Loading cached processed dataset at /home/sp6646/.cache/huggingface/datasets/glue/sst2/1.0.0/dacbe3125aa31d7f70367a07a8a9e72a5a0bfeb5fc42e75c9db75b96da6053ad/cache-7cf2378cc10a6d21.arrow
Loading cached processed dataset at /home/sp6646/.cache/huggingface/datasets/glue/sst2/1.0.0/dacbe3125aa31d7f70367a07a8a9e72a5a0bfeb5fc42e75c9db75b96da6053ad/cache-80a8390bc04583f0.arrow
Loading cached processed dataset at /home/sp6646/.cache/huggingface/datasets/glue/sst2/1.0.0/dacbe3125aa31d7f70367a07a8a9e72a5a0bfeb5fc42e75c9db75b96da6053ad/cache-63ad18a8c03484fc.arrow


In [4]:
# tokenizer = BertTokenizer.from_pretrained('saved_model')
tokenizer = BertTokenizer.from_pretrained('bert-base-uncased')

In [5]:
MAX_LENGTH = 128
train_dataset = train_dataset.map(lambda e: tokenizer(e['sentence'], truncation=True, padding='max_length', max_length=MAX_LENGTH), batched=True)
val_dataset = val_dataset.map(lambda e: tokenizer(e['sentence'], truncation=True, padding='max_length', max_length=MAX_LENGTH), batched=True)
test_dataset = test_dataset.map(lambda e: tokenizer(e['sentence'], truncation=True, padding='max_length', max_length=MAX_LENGTH), batched=True)

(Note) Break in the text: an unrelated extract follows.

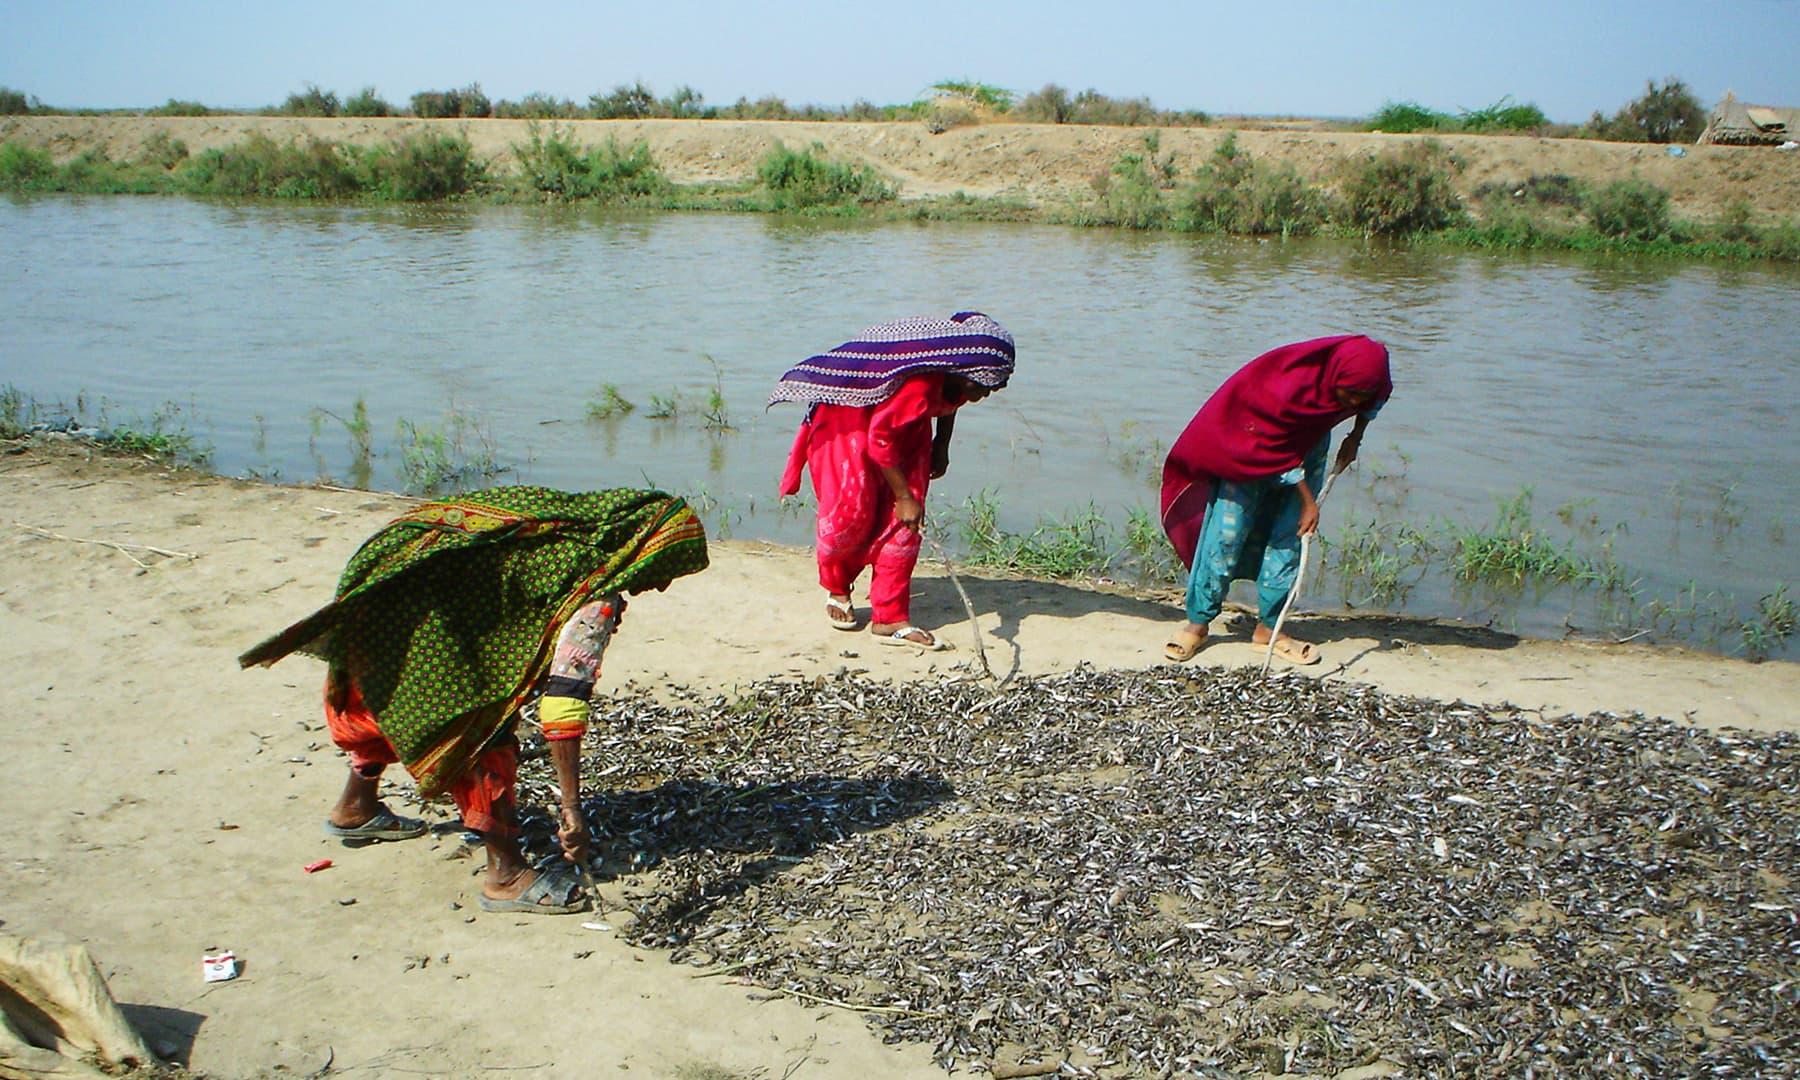 چھوٹی مچھلیوں کو دھوپ میں سکھانے کے لیے رکھ دیا جاتا ہے — تصویر ابوبکر شیخ

Loading cached processed dataset at /home/sp6646/.cache/huggingface/datasets/glue/sst2/1.0.0/dacbe3125aa31d7f70367a07a8a9e72a5a0bfeb5fc42e75c9db75b96da6053ad/cache-557e3dbb80f86843.arrow
Loading cached processed dataset at /home/sp6646/.cache/huggingface/datasets/glue/sst2/1.0.0/dacbe3125aa31d7f70367a07a8a9e72a5a0bfeb5fc42e75c9db75b96da6053ad/cache-3d2ecae1eafe9952.arrow
Loading cached processed dataset at /home/sp6646/.cache/huggingface/datasets/glue/sst2/1.0.0/dacbe3125aa31d7f70367a07a8a9e72a5a0bfeb5fc42e75c9db75b96da6053ad/cache-61bb57b2f450d330.arrow


In [6]:
train_dataset.set_format(type='torch', columns=['input_ids', 'token_type_ids', 'attention_mask', 'labels'])
val_dataset.set_format(type='torch', columns=['input_ids', 'token_type_ids', 'attention_mask', 'labels'])
test_dataset.set_format(type='torch', columns=['input_ids', 'token_type_ids', 'attention_mask', 'labels'])

In [7]:
train_dataset

Dataset({
    features: ['sentence', 'idx', 'labels', 'input_ids', 'token_type_ids', 'attention_mask'],
    num_rows: 67349
})

In [8]:
def compute_metrics(pred):
    labels = pred.label_ids
    preds = pred.predictions.argmax(-1)
    precision, recall, f1, _ = precision_recall_fscore_support(labels, preds, average='macro')
    acc = accuracy_score(labels, preds)
    return {
        'accuracy': acc,
        'f1': f1,
        'precision': precision,
        'recall': recall
    }

In [9]:
def deleteEncodingLayers(model, num_layers_to_keep):  # must pass in the full bert model
    oldModuleList = model.bert.encoder.layer
    newModuleList = nn.ModuleList()

    # Now iterate over all layers, only keepign only the relevant layers.
    for i in range(0, len(num_layers_to_keep)):
        newModuleList.append(oldModuleList[i])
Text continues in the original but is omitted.